Dialogue, not rocketsNorth Korea’s intention of launching a long-range rocket could splash cold water on the warming mood between the two Koreas and renew tensions in the region. While Pyongyang insists its rocket launches are a part of its peaceful and legitimate space program, many fear they are being tested for use with an intercontinental ballistic missile. Many expect the launch to be timed with the 70th anniversary of the founding of the Workers’ Party, on Aug. 10.
If Pyongyang proceeds with the plan, it would be jeopardizing its relationship with not only Seoul, but also the rest of the world. It would be a blatant breach of the Aug. 25 inter-Korean agreement to end conflict and seek reconciliation after the marathon talks between high-level officials. Seoul must do all it can to persuade Pyongyang against the drastic move.

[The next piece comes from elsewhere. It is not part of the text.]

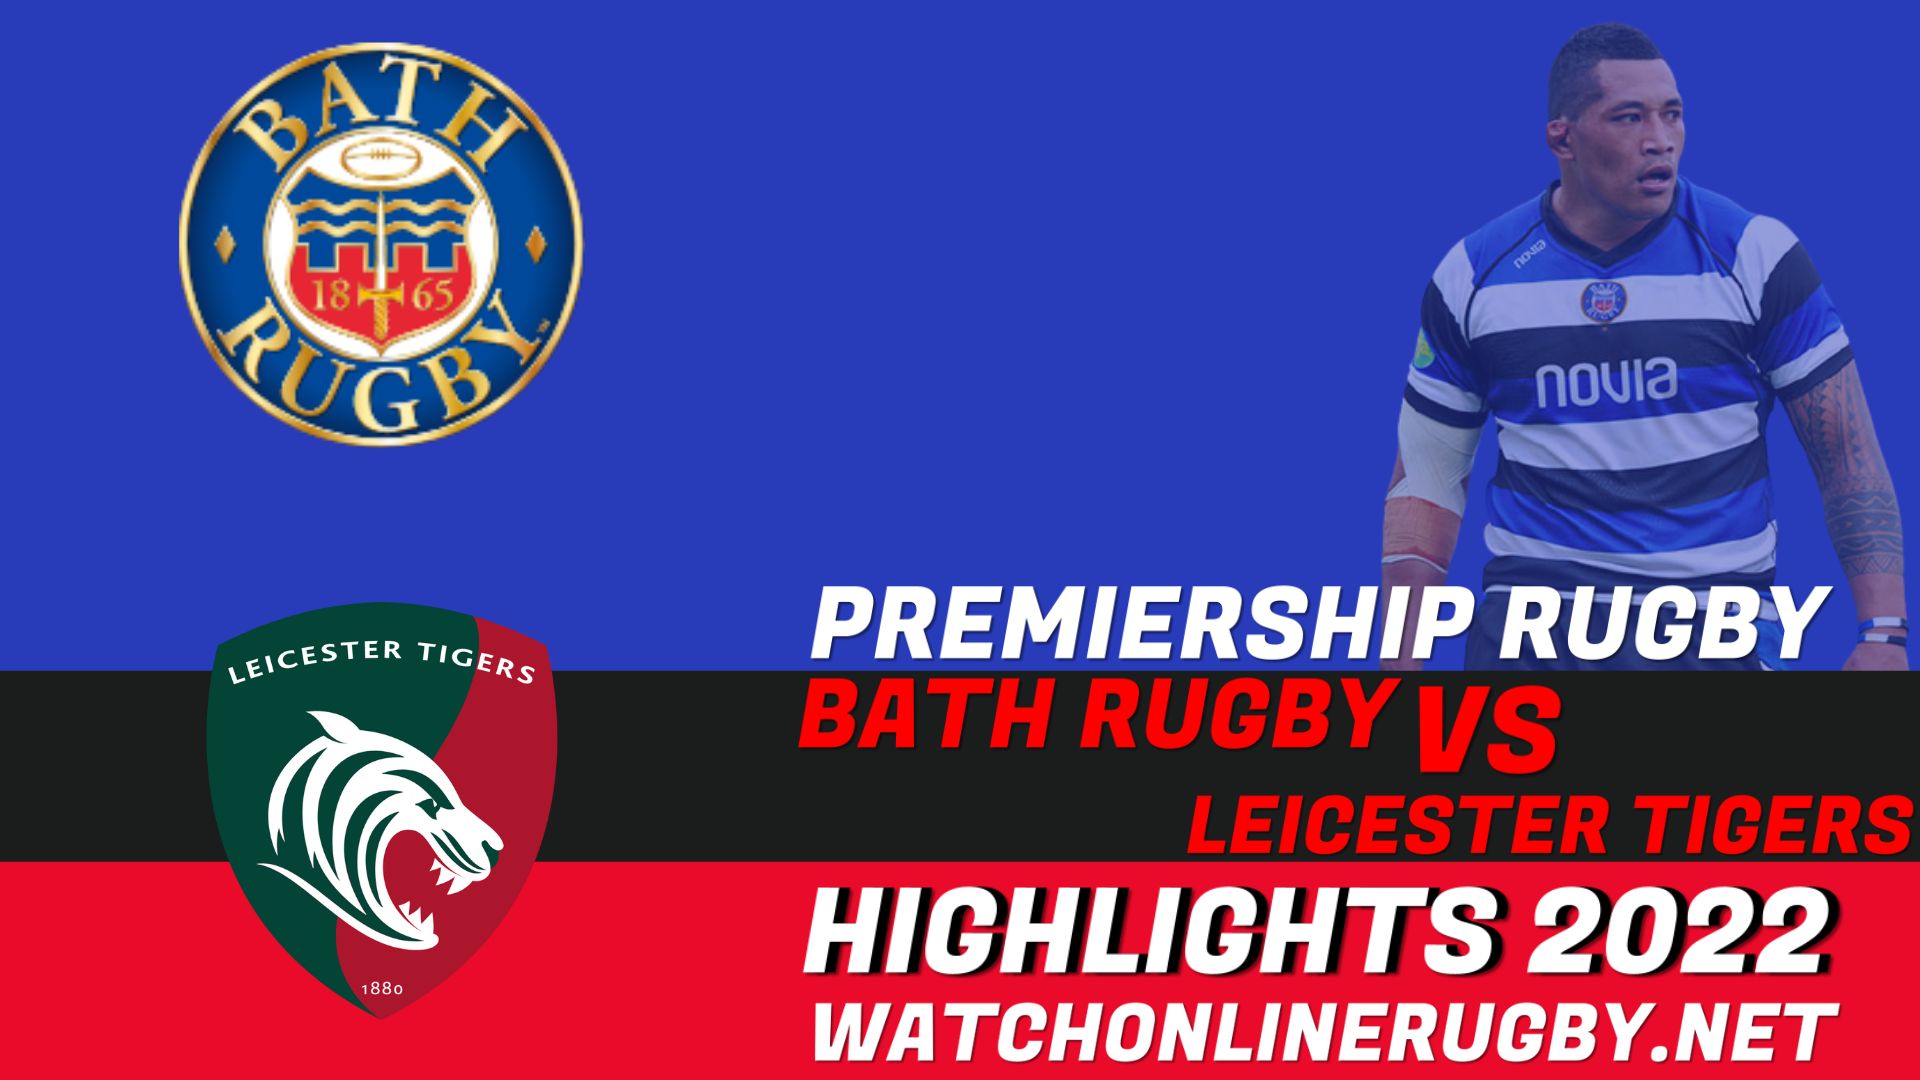 Bath Rugby Vs Leicester Tigers Premiership Rugby 2022 RD 17

The launch threat follows summit talks between President Park Geun-hye and Chinese President Xi Jinping on Sept. 2 in Beijing. The two leaders declared that they won’t tolerate any threat or provocation that could escalate tensions on the Korean Peninsula. North Korea would be outright challenging the international community if it defies the joint warning from Korean and Chinese leaders.

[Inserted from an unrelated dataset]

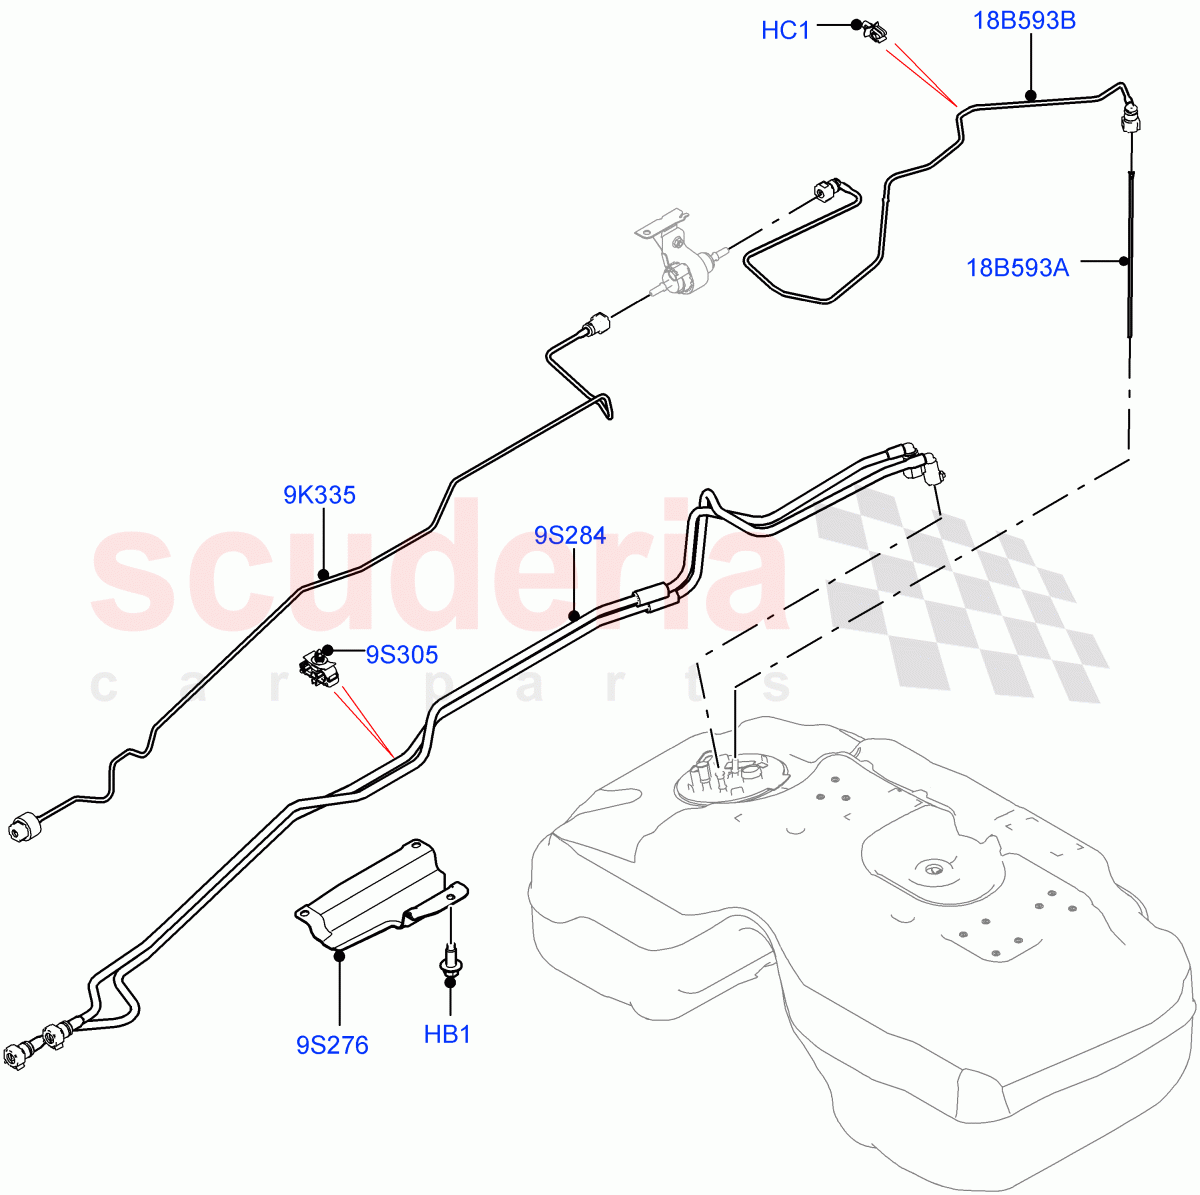 Fuel Lines(Rear)(2.0L AJ20D4 Diesel Mid PTA,Halewood (UK),2.0L AJ20D4 Diesel High PTA,2.0L AJ20D4 Diesel LF PTA)((V)FROMLH000001) of Land Rover Land Rover Discovery Sport (2015+) [2.0 Turbo Diesel]

Any rocket launch is against U.N. Security Council Resolutions banning nuclear and longrange missile tests. Resolution 2094 — the fifth and most recent against North Korean nuclear and ballistic activities — was adopted unanimously by U.N. Security Council members including Russia and China and warned of strong actions if North Korea makes another provocation. Pyongyang would face harsher United Nations sanctions and international interference if it proceeds with its program. The launch also gives Seoul a reason to turn the propaganda loudspeakers back on.

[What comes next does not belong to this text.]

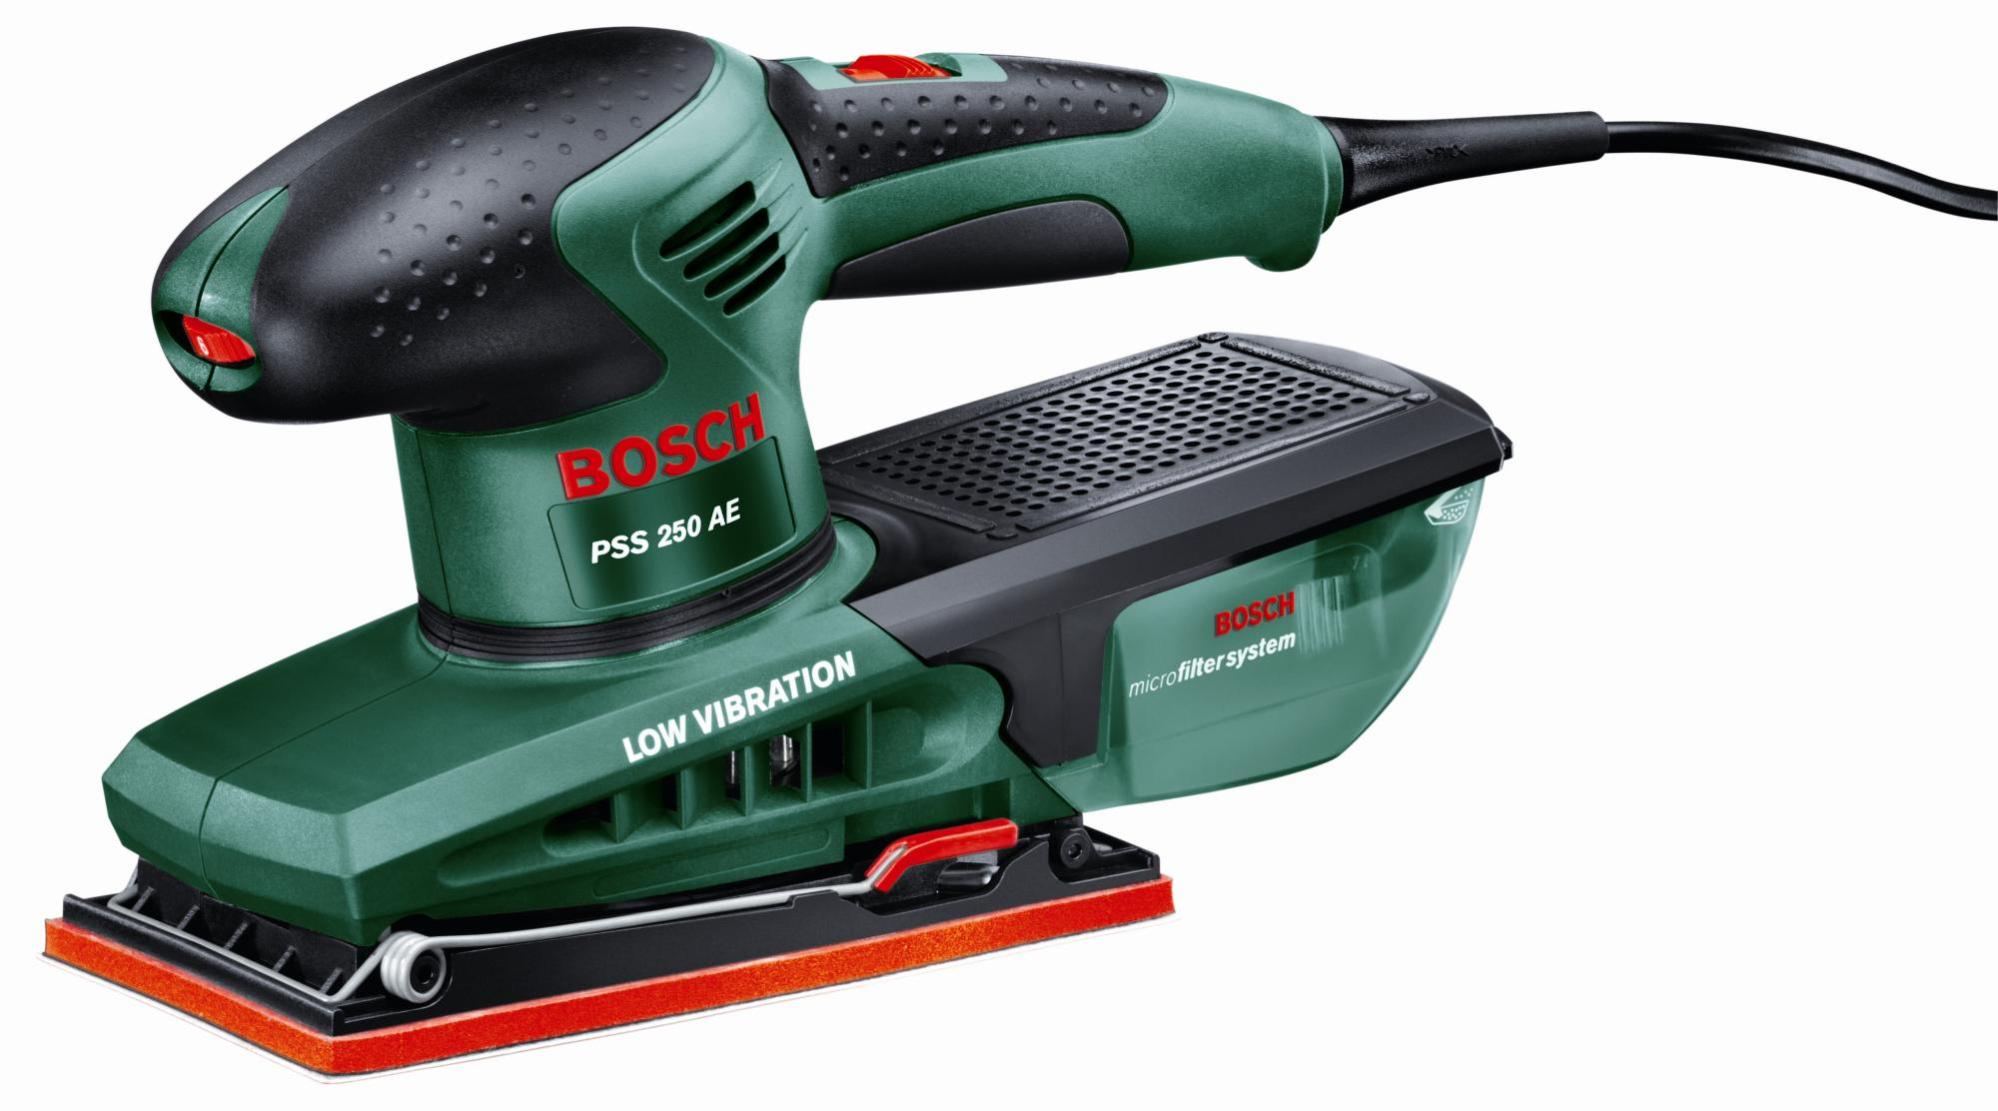 Ponceuse vibrante filaire BOSCH Pss 250ae, 250 W

If North Korea is serious about restoring its relationship with the South, it must stop the useless saber-rattling. It could become entirely isolated if it goes on crying wolf. Pyongyang may be trying to use its rockets to raise its leverage ahead of the United Nations General Assembly and longawaited reunion of families separated by the Korean War.
But dialogue, not threats, will allow Pyongyang to get what it wants. The world will be willing to help North Korea only when it genuinely tries to come out of isolation. North Korean leaders must read the international and regional conditions well and make decisions wisely.